Interpreter in Go - 2

July 29, 2021

Writing an Interpreter In Go by Thorsten Ball will be my personal introduction to writing an interpreter. I’ve never taken a comp sci class before, so I know nothing about compilers. On a lark, I decided to explore this area now, nearly 20 years after I started to learn computer programming.

If you are interested in this book as well, you might might the AST Explorer a useful companion.

I was told as some point in the past, that compilation can be broken down into four stages:

Lexical analysis
Syntactic analysis
Type checking
Code generation

An interpeter is not very different. Naturally, Ball starts with the lexical analysis and talks about different design decisions in lexers, for example, treatment of whitespaces.

In other languages, like Python, the length of whitespace is significant. That means the lexer can’t just “eat up” the whitespace and newline characters. It has to output the whitespace characters as tokens so the parser can later on make sense of them.

I naively hoped there can be a "clean" separation between the lexer and parser. But what Ball is telling me is that often the lexer and parser are closely coupled. As Sabrina Maxwell would say, "Too bad, so sad."
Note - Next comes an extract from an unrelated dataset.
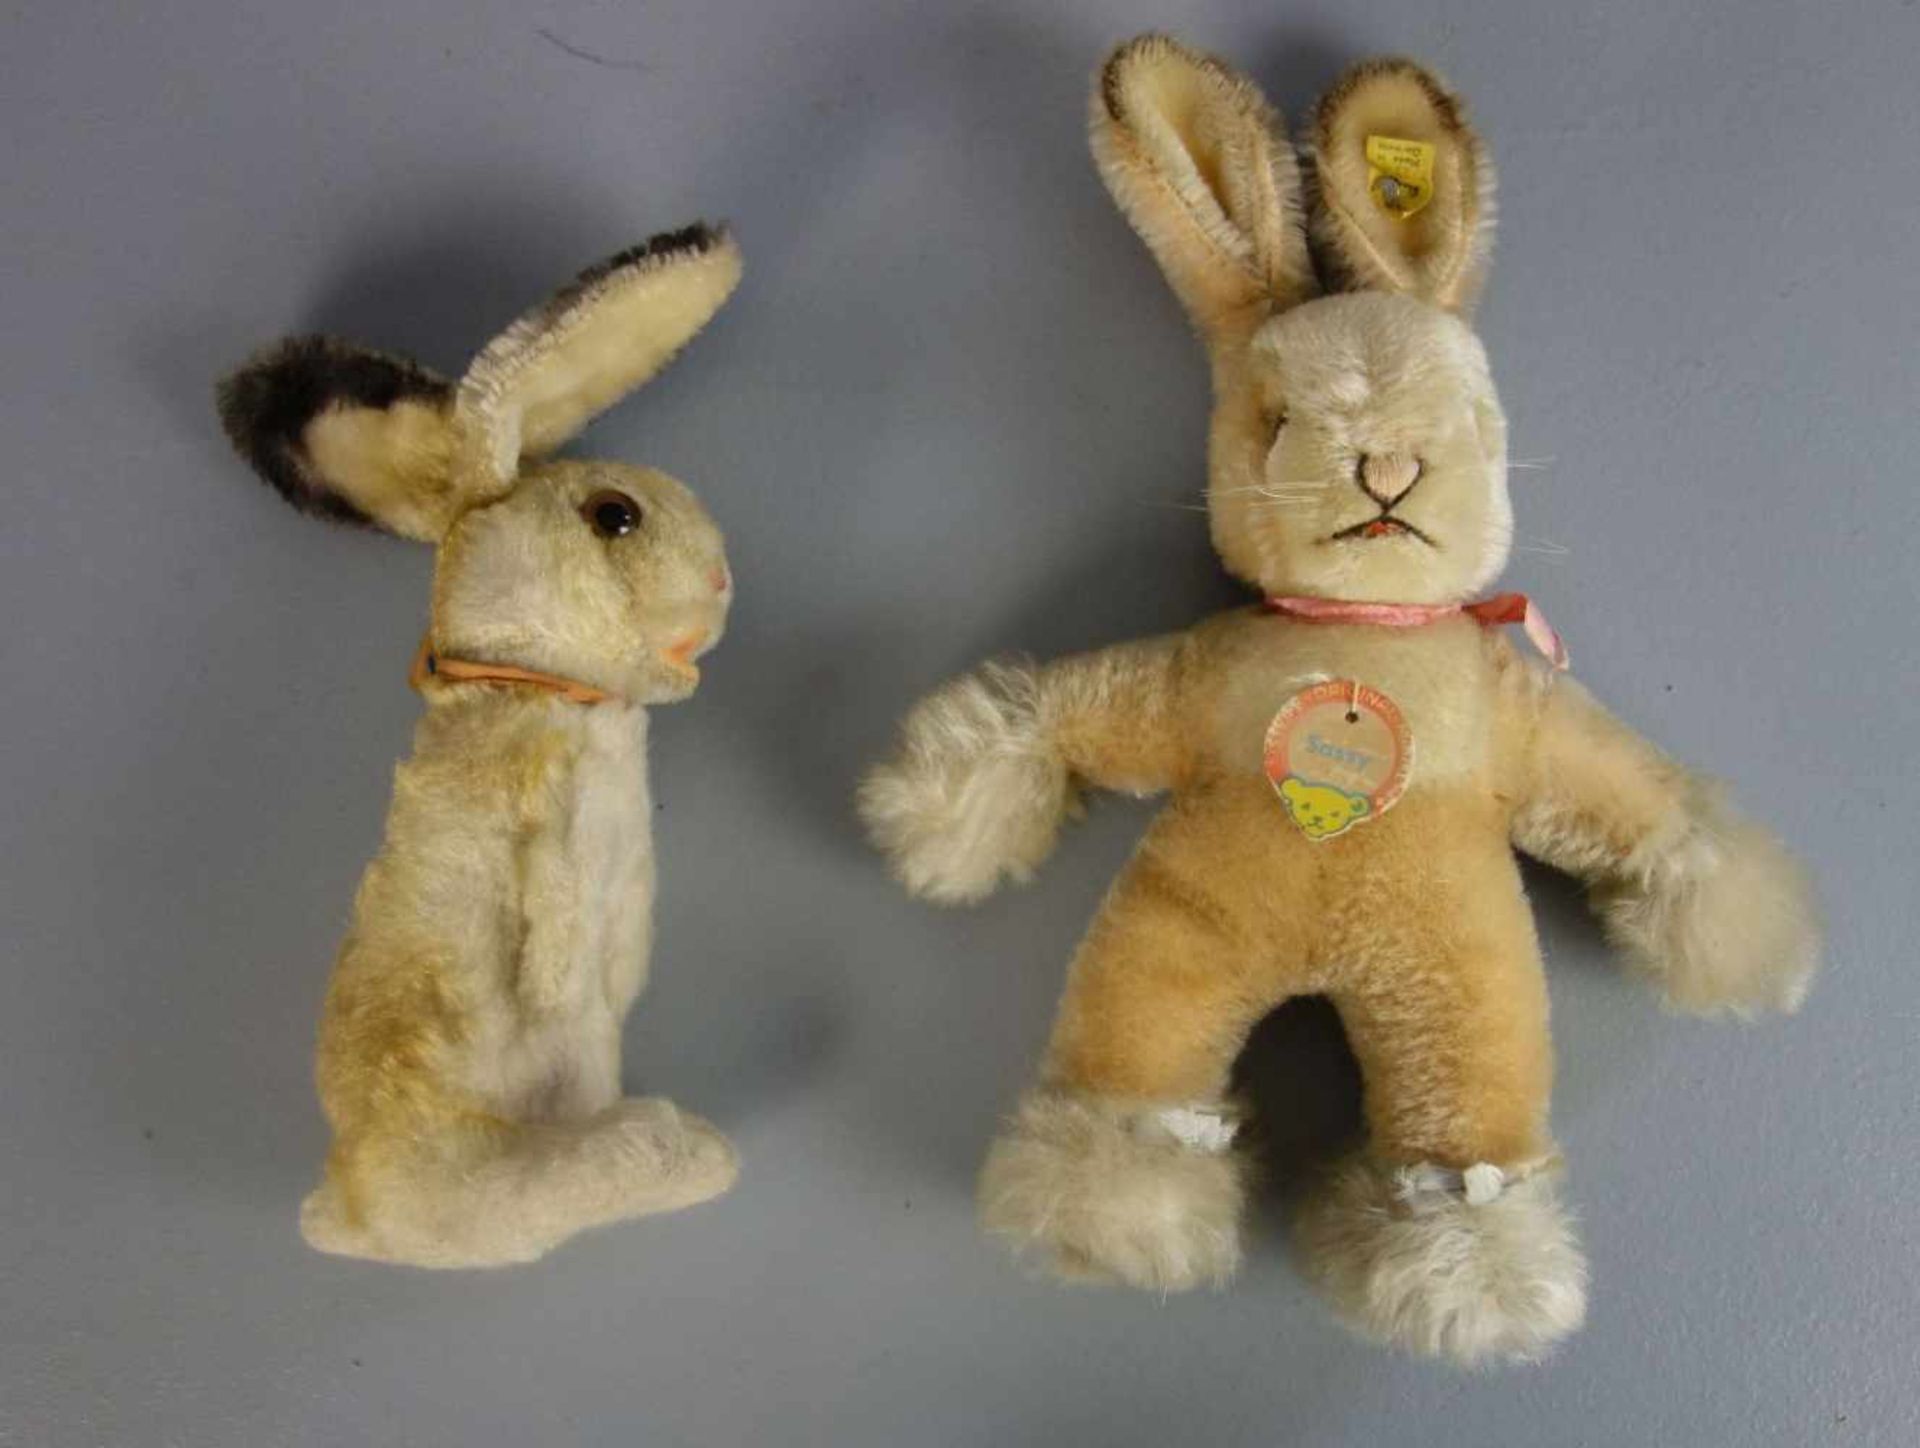 PLÜSCHTIERE / PLÜSCHFIGUREN: 2 Steiff Hasen / two fluffy toy rabbits, 20. Jh., Manufaktur Steiff, - Bild 2 aus 4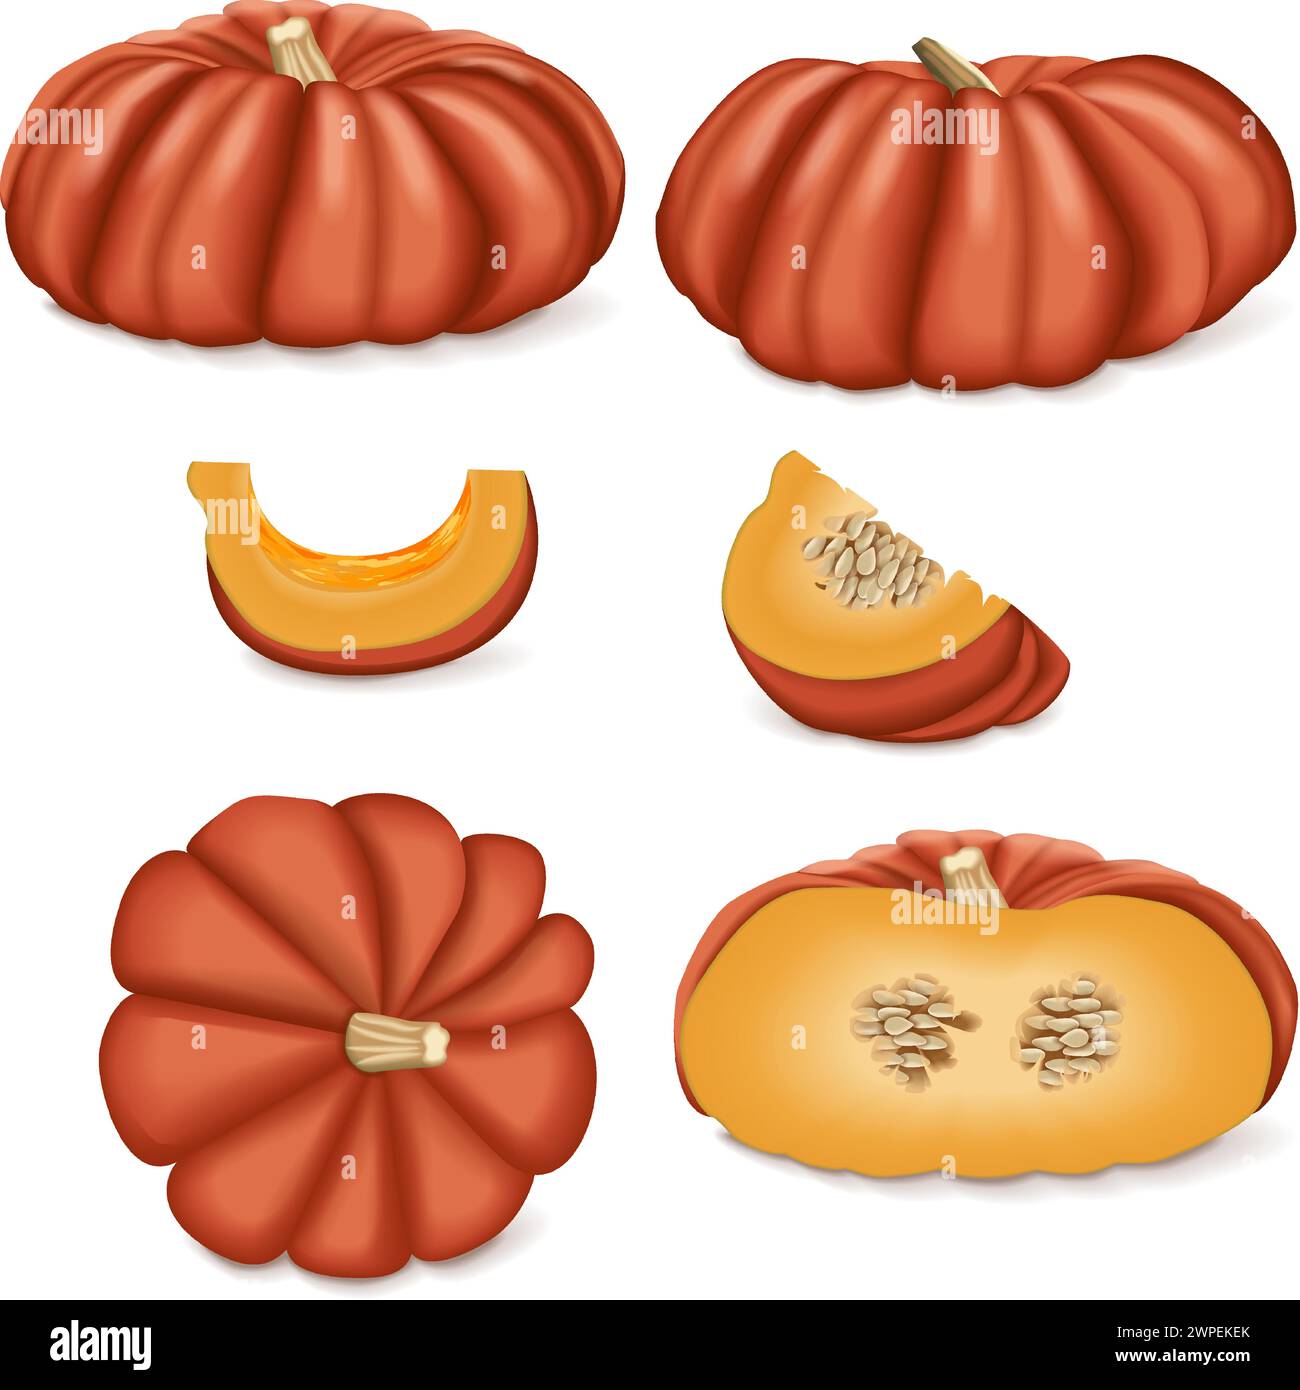 Clip art of Cinderella pumpkin. Rouge Vif D Etampes. Winter squash. Cucurbita maxima. Fruits and vegetables. Isolated vector illustration. Stock Vector

In Ball’s design, a token has a value and a type (similarly, Bob Nystrom says “A token is just a chunk of meaningful code with a type and a string associated with it”). Monkey has the following token types: ASSIGN, PLUS, COMMA, SEMICOLON, FUNCTION, and LET.

Ball’s lexer looks like:

type Lexer struct {
	source       []byte
	ch           byte
	position     int // points to ch
	readPosition int // points to next ch
}

Most of the fields in Lexer are pretty self-explanatory. The ones that might cause some confusion right now are position and readPosition. Both will be used to access characters in input by using them as an index, e.g.: l.input[l.readPosition]. The reason for these two “pointers” pointing into our input string is the fact that we will need to be able to “peek” further into the input and look after the current character to see what comes up next. readPosition always points to the “next” character in the input. position points to the character in the input that corresponds to the ch byte.

I’m afraid this wasn’t a clear-enough explanation.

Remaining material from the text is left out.